Take, for example, attention deficit hyperactivity disorder, or ADHD, as it’s known.

According to an article in The New York Times published last weekend, “the rise of A.D.H.D. diagnoses and prescriptions for stimulants over the years coincided with a remarkably successful two-decade campaign by pharmaceutical companies to publicize the syndrome and promote the pills to doctors, educators and parents.”

The drug industry, according to its critics, comes up with the cure and then throws money at doctors until they diagnose the disease in numbers sufficient to make that cure profitable.

Increasingly, the financial relationship is coming under greater scrutiny, and it should. It’s a huge conflict of interest, not to mention a corruption of the relationship between a doctor and patient.

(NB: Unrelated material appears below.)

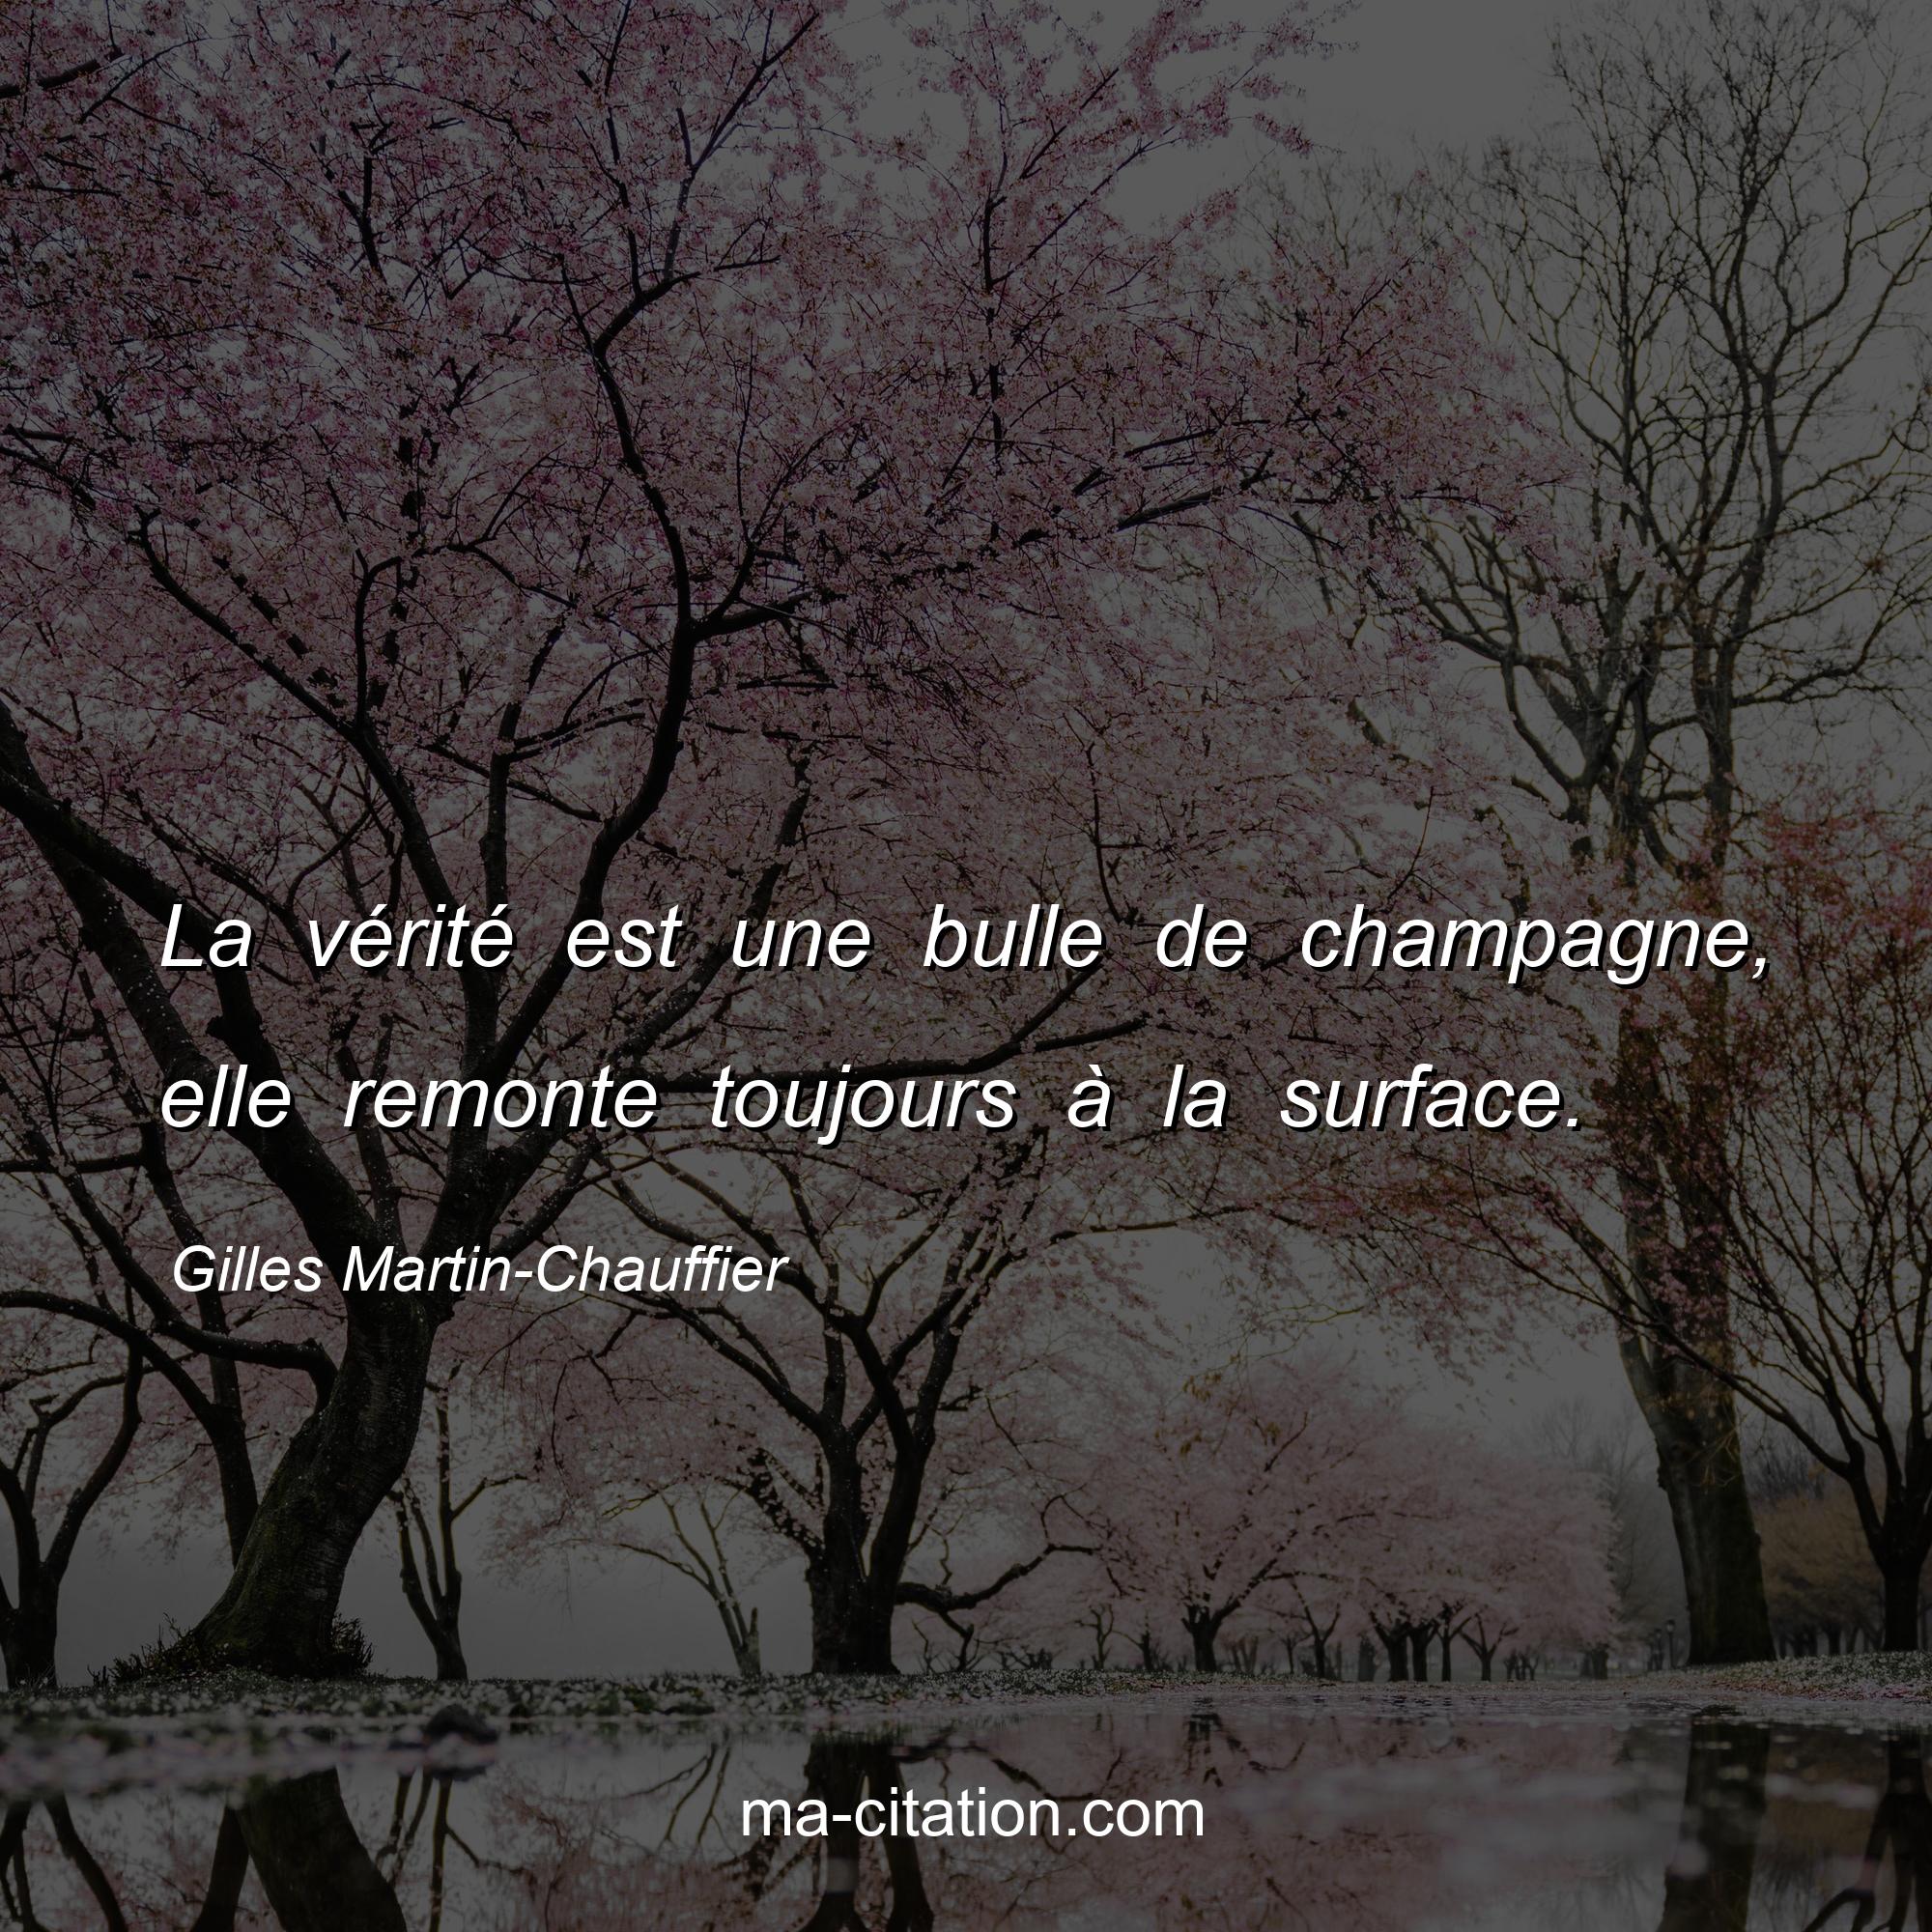 Gilles Martin-Chauffier : La vérité est une bulle de champagne, elle remonte toujours à la surface.
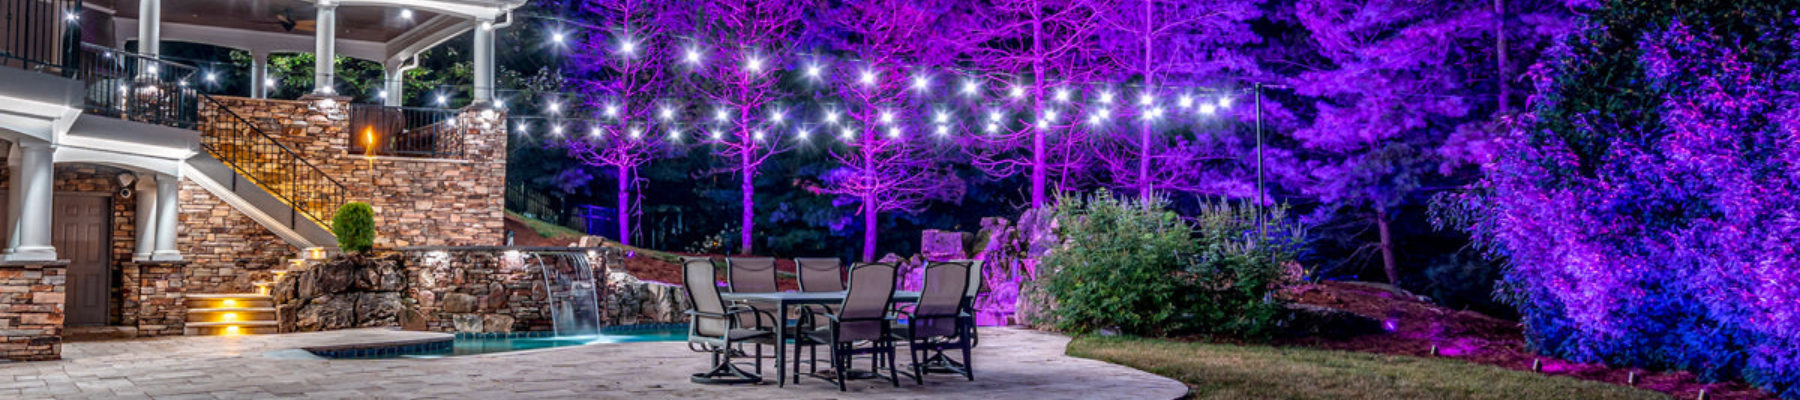 bistro and backyard full color landscape lights

This week, pharmaceutical giant GlaxoSmithKline announced an end to the practice of paying doctors to promote its products.

We think the announcement is a step in the right direction and illustrates the power of transparency. Next year, drug companies will be required by the Affordable Care Act to make public their payments to doctors. You’ll be able to look it up on a government website. Well, at least in theory.

Eventually, we expect, other drug companies will end the practice of paying doctors.

What would be even better is for local hospitals and medical practices to take the lead and wean themselves off the money now, by adopting policies that prevent doctors and staff from taking such payments.

There will come a time, we suspect, when the memory of doctors being paid by drug companies will be regarded in much the same way as the days when it was not at all uncommon to walk into a doctor’s office and see the physician sitting behind a desk, smoking a cigarette.